FIG. 1 shows an example corresponding to a 30 degree elevation limitation imposed on certain equipment 0 in the United States in the 6 GHz band. The Equivalent Isotropic Radiated Power (“EIRP”) is limited to 21 dBm above a 30-degree elevation angle from the horizon, while being limited to 36 dBm below 30 degrees (so the radiated power can be 15 dB higher below the 30-degree elevation angle).

Manufacturers are therefore designing radiofrequency devices that generate limited radiated power above a certain elevation angle. This limitation can be obtained in various ways and, for example:

• • by limiting the power transmitted by the amplifier of the radiofrequency device. This limitation is however obtained to the detriment of the overall coverage;
  • by physically distorting the radiation pattern in one direction;
  • by using horizontal directional antennas.

However, these different methods are only effective when the equipment 0 is in its nominal position. A poor positioning of the equipment 0 leads to poor orientation of the “distortion” and therefore regulatory non-compliance and poor coverage.

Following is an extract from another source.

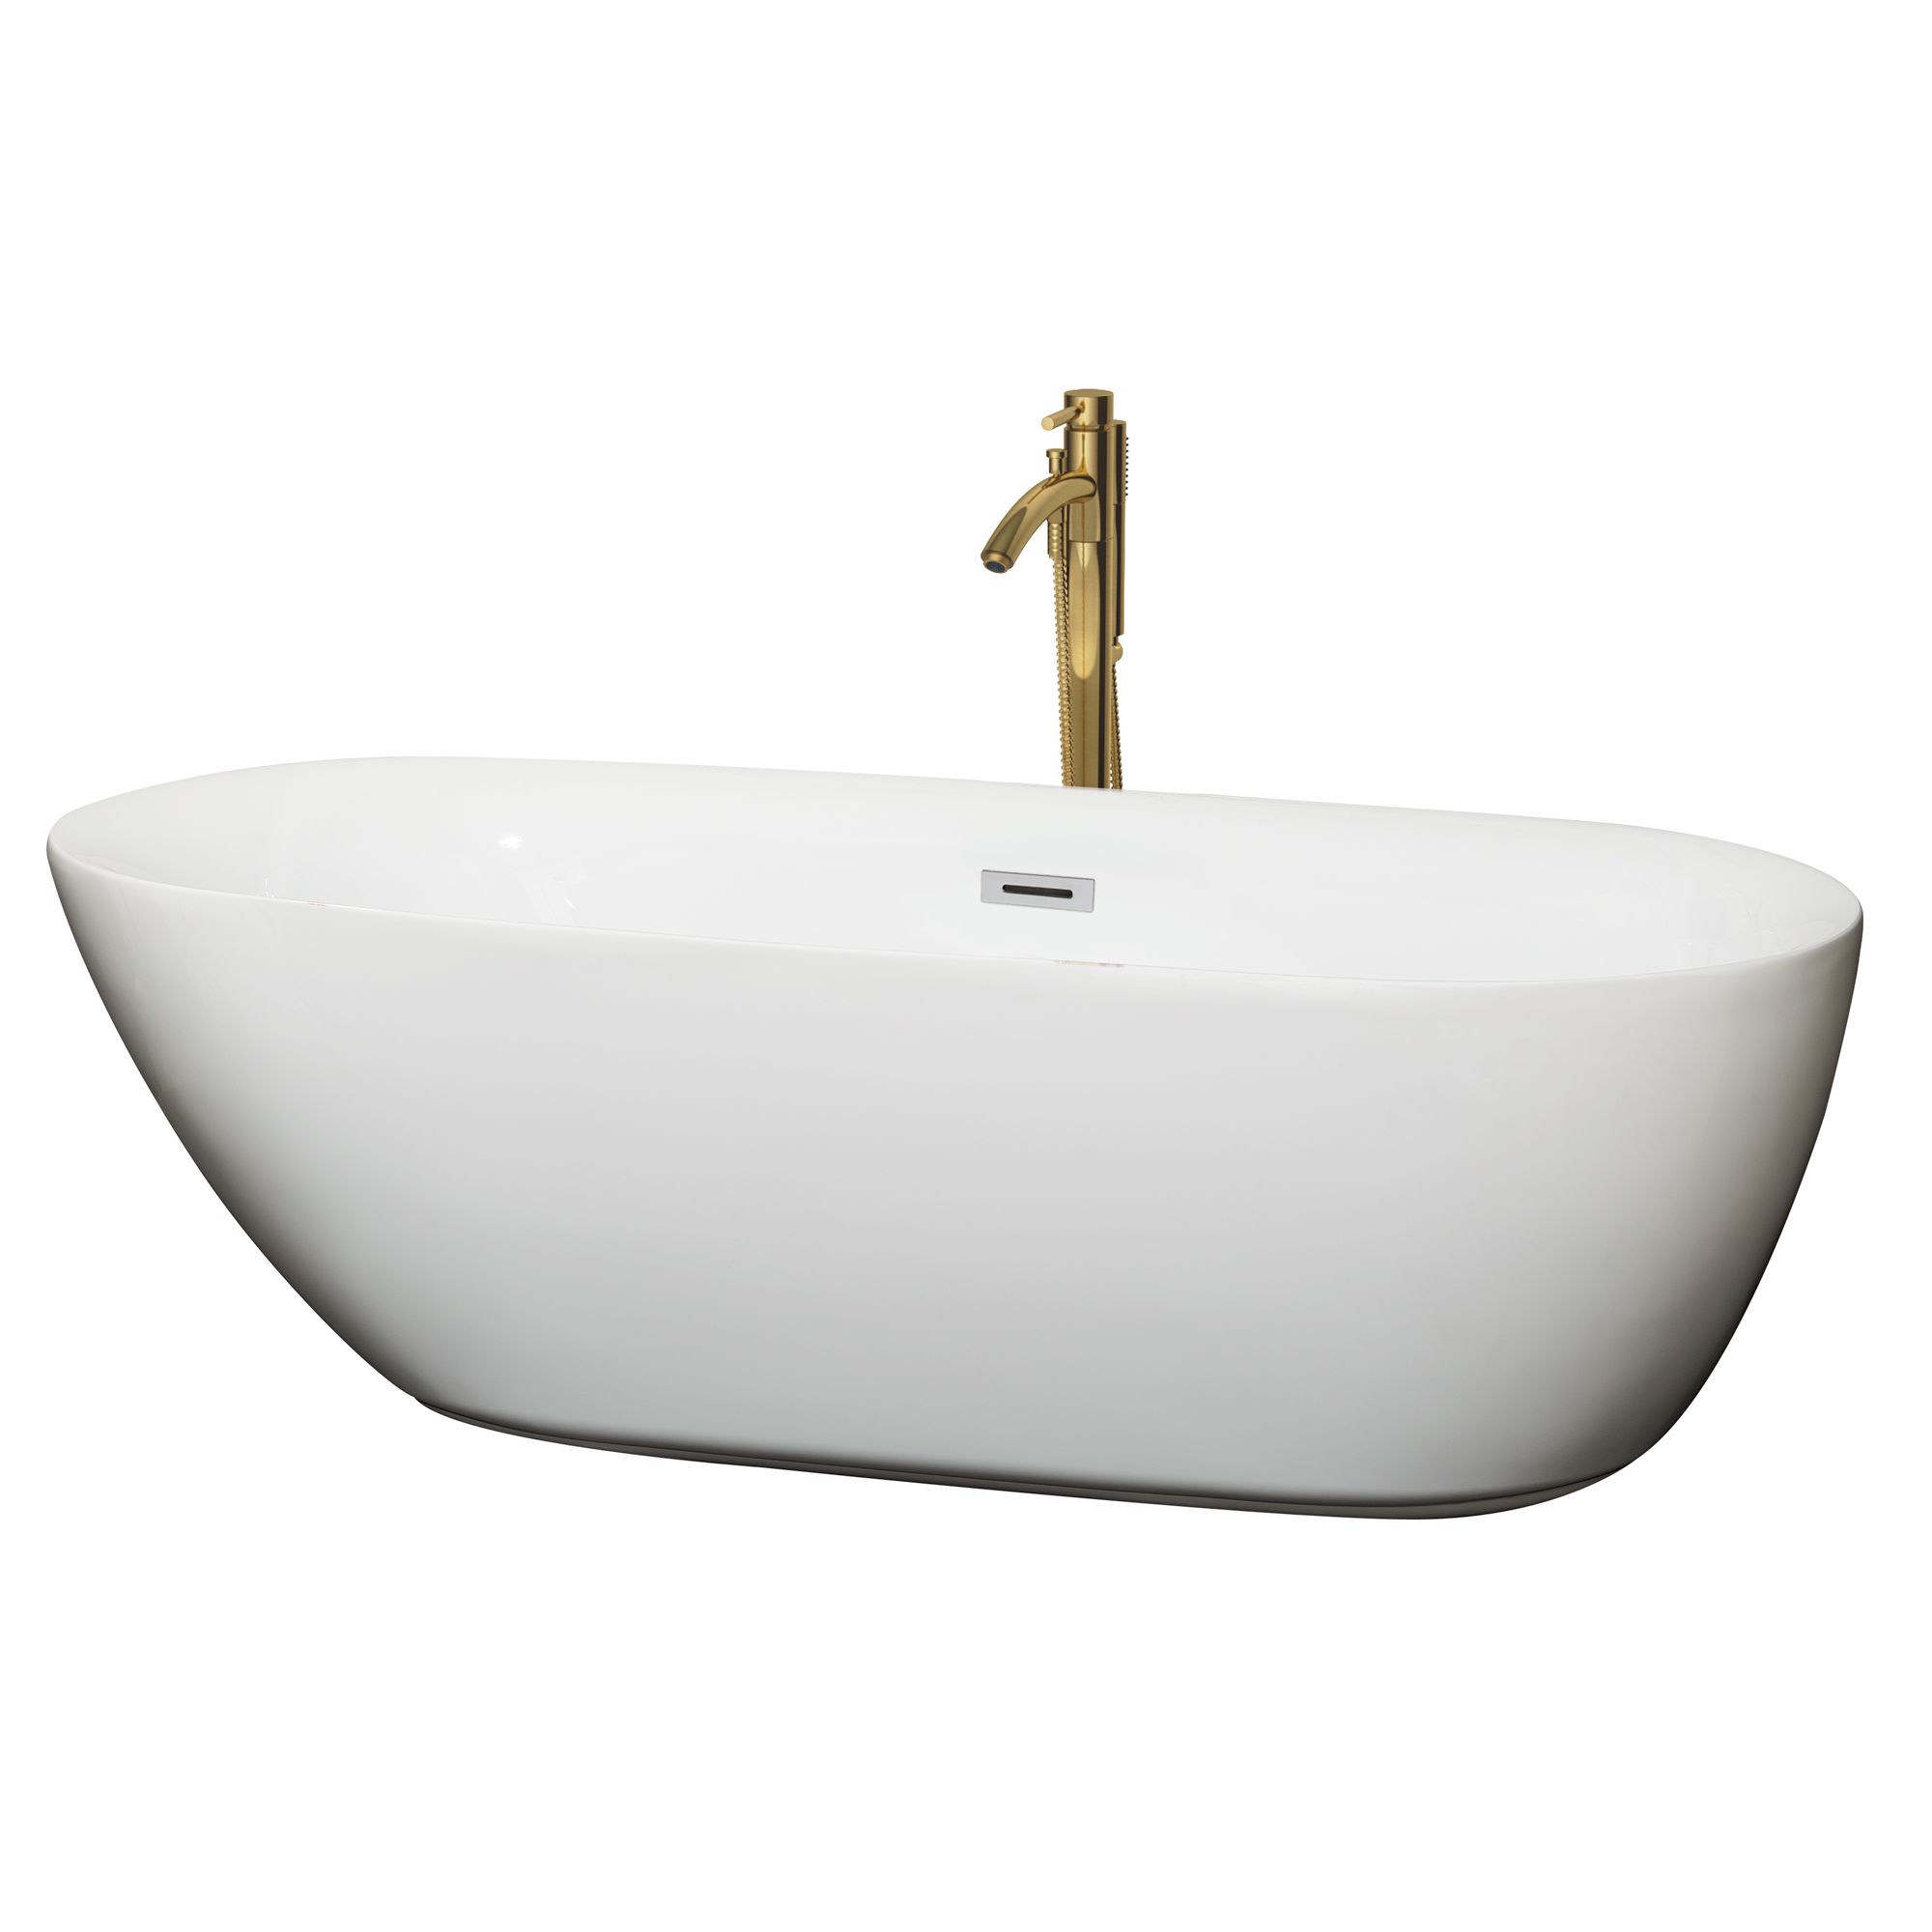 71" Freestanding Bathtub in White with Polished Chrome Trim and Floor Mounted Faucet in Brushed Gold Finish

Indeed, if the equipment 0 in FIG. 1 is not placed flat, its transmission zone within 30 degrees having an EIRP limit of 36 dBm may spill over into the zone limited to an EIRP of 21 dBm. The equipment 0 is then no longer in compliance with the regulations and its coverage is degraded.

Object

An object of the invention is to ensure that a piece of equipment comprising a radiofrequency device remains compatible, whatever its orientation, with power limitation requirements that differ according to the direction.

SUMMARY

In order to achieve this object, a piece of equipment is proposed comprising:

• • a radiofrequency device designed to transmit radiofrequency signals by generating a radiated power which, when the equipment is installed with a nominal orientation, is less than a first predefined power threshold in the direction of a first reference zone and is less than a second predefined power threshold in the direction of a second reference zone, the second predefined power threshold being less than the first predefined power threshold;
  • a measuring device designed to measure at least one quantity representative of a current orientation of the equipment;
  • a processor module designed, if the current orientation of the equipment differs from the nominal orientation and is such that the power radiated in the direction of the second reference zone is likely to exceed the second predefined power threshold, to operate the radiofrequency device in order to limit the power radiated in the direction of the second reference zone and thus ensure that the power radiated in the direction of the second reference zone again becomes less than the second predefined power threshold.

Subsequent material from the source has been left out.